I nativi non colgono le contraddizioni del loro sistema di credenze, mentre noi sì, e le spiegazioni che danno
non sono logiche.
- L’altra contraddizione che nota l’antropologo è che essendo tutti imparentati in un modo o nell’altro,
dovrebbero o essere tutti stregoni o non esserlo nessuno, visto che il mangu è ereditario.
Il male viene spiegato ricorrendo al concetto di mangu.
I primitivi non ignorano i nessi causali tra le cose empiriche, che vi sono due binari dovuti a una serie di
eventi causali che ad un certo punto si incontrano. Tuttavia per loro la causa di una disgrazia è un’altra
disgrazia.
Vi sono due teorie della causalità:
1^causalità: empirica. I primitivi capiscono e sanno che vi è un nesso casuale tra le cose, ma non gli
importa, è talmente banale e scontato. (Esempio: capiscono che le termiti hanno pian piano distrutto il
granaio che ad un certo punto è crollato in testa a un tizio che vi si trovava sotto proprio in quel momento)
2^casualità. Vi sono due corsi di eventi, ma perché si sovrappongono? Si riferiscono alla sorte personale,
vogliono capire perché alle 7.05 di quel giorno, in quel luogo, succede proprio a quella persona quel
determinato evento. Non è una cosa deterministica, è stocastica, non può essere ricostruito scientificamente
il perché avvengono certe cose.
È la sorte personale che mi fa stare male. Gli Azande non trattano le loro credenze in generale, come nuclei
teoretici ma come nuclei etici. I loro sono tentativi culturali di rispondere al perché del male.
L’antropologo fa un esame della realtà. Gli Azande rispondono in un altro modo.
Noi rispondiamo col “caso”, non vi è scienza. Si tende a dare senso al male che proviamo, perché il male
senza senso è troppo doloroso.
Per gli Azande non è importante l’esame di realtà, perché non risolverebbe nulla sul piano affettivo.
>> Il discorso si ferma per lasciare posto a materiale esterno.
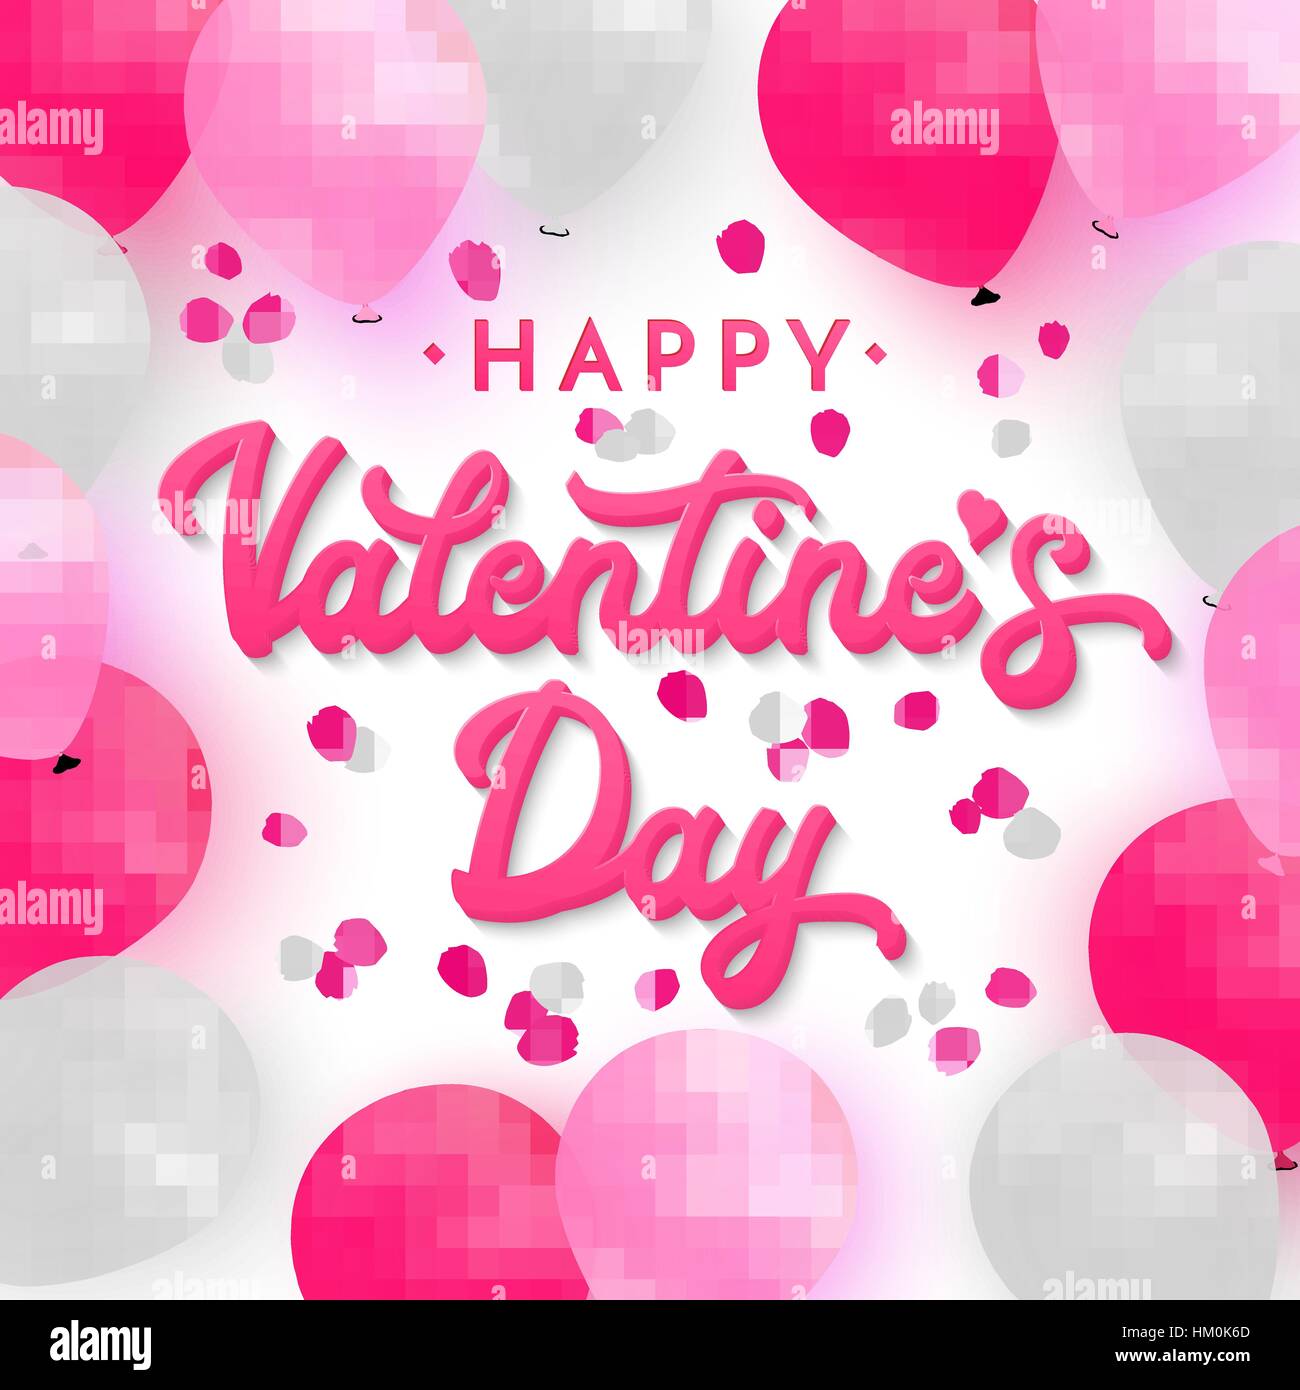 Carte Saint Valentin avec lettrage 3D à main rose sur fond romantique avec texte blanc, rose et rose foncé sur fond de ballons réaliste avec des pétales de rose. Illustration vecteur de polices. Illustration de Vecteur
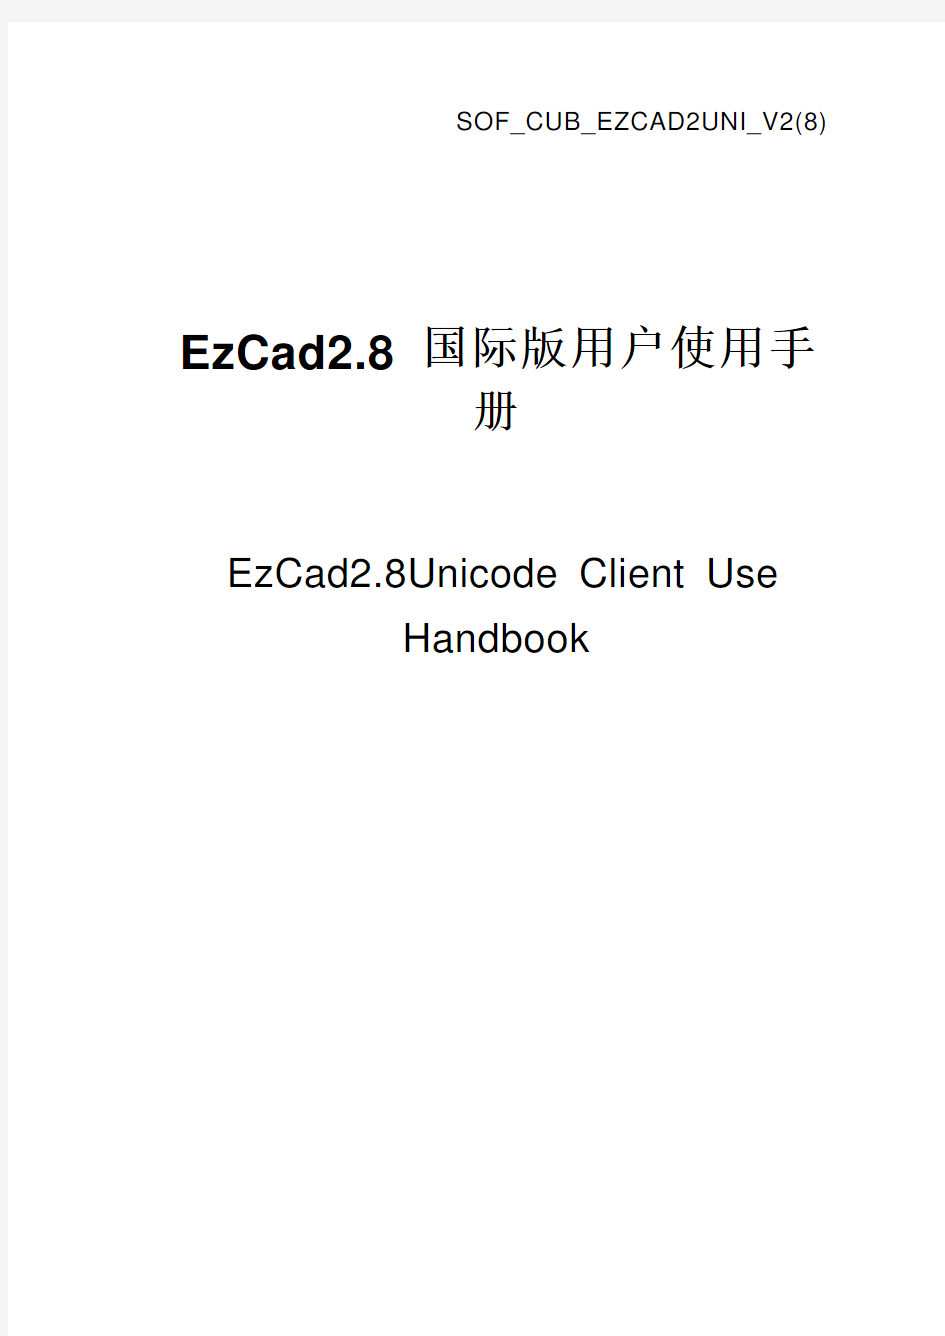 EzCad软件使用说明书

Il corso
degli eventi viene inserito in un piano simbolico.
I costrutti culturali rendono meno duro il male ma non possono essere indagati oggettivamente, visto che si
trovano su due piani completamente differenti. Impostazione ermeneutica: interpretazione che vede
diversi libelli di causalità.
Lezione 13 – 26.10.2012
La società è una mia rappresentazione mentale delle relazioni sociali, è una formalizzazione e una
descrizione dei rapporti umani.
Forme delle relazioni sociali vi sono regole, interazioni, integrazioni.
Le persone interagiscono fra loro in modo regolare, con azioni coerenti e armoniche.